Standing on a partly submerged sand-bank, in the middle of the stream, dripping wet and "full of strange oaths," was the Junior Watchkeeper. The point of his rod was agitated like the staff of a Morse signaller's flag, while a smother of foam and occasional glimpses of a silver belly twenty yards up-stream testified that the age of miracles had not yet passed.
"Play him, you fool!" yelled the A.P.
"Can't," wailed the Junior Watch-keeper, battling with the rod. "The reel's jammed!"
"Look out, then!" shouted the Young Doctor, and the safety-catch of his gun snapped. "Let me have a shot----"
But the Junior Watch-keeper had abandoned his rod. Seizing the stout line in his fingers, his feet braced in the yielding sand, shamelessly he hauled the lordly fish, fighting, to his feet. "Come on," he spluttered, "bear a hand, you blokes!" The "blokes" rushed into the shallows, and together they floundered amid a tangle of line and showers of spray, grabbing for its gills. Eventually it was flung ashore, and the _coup de grace_ administered with the butt-end of the A.P.'s gun.

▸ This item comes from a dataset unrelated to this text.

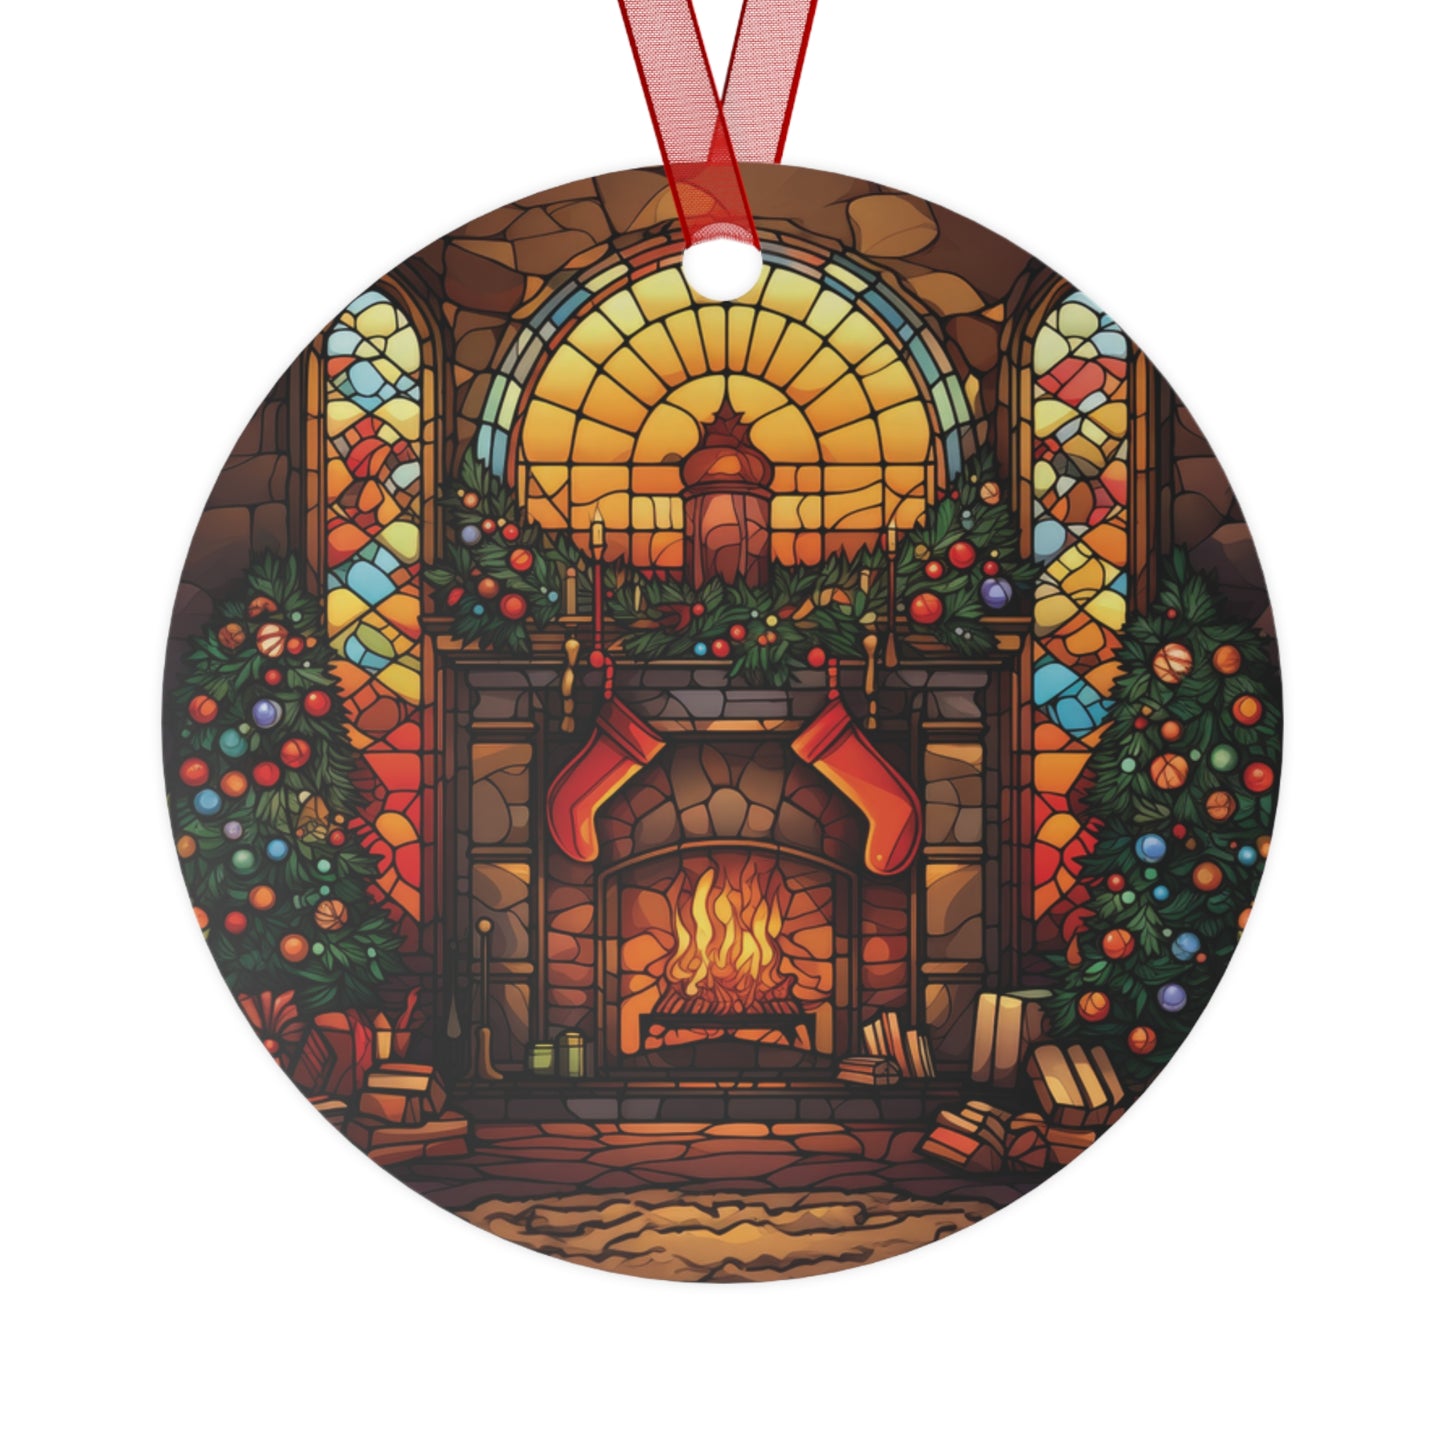 Cozy Christmas Fireplace Stained Glass Style Ornament Lightweight Shaterproof Metal Ornaments Christmas Ornament Exchange Decoration Gift

"Thirty pounds, if it's an ounce," gasped the Junior Watch-keeper, wringing the water out of his trousers. They stood and surveyed it in amazed silence, struck dumb with the wonder of the thing. Contrasted with the salmon as they knew it--decorated with sprigs of fennel on a fishmonger's slab--it looked an uncouth creature, with an underhung jaw and a curiously arched back. The A.P. prodded it suspiciously with the toe of his boot.
"'S'pose it's all right--eh? Clean run, an' all the rest of it?"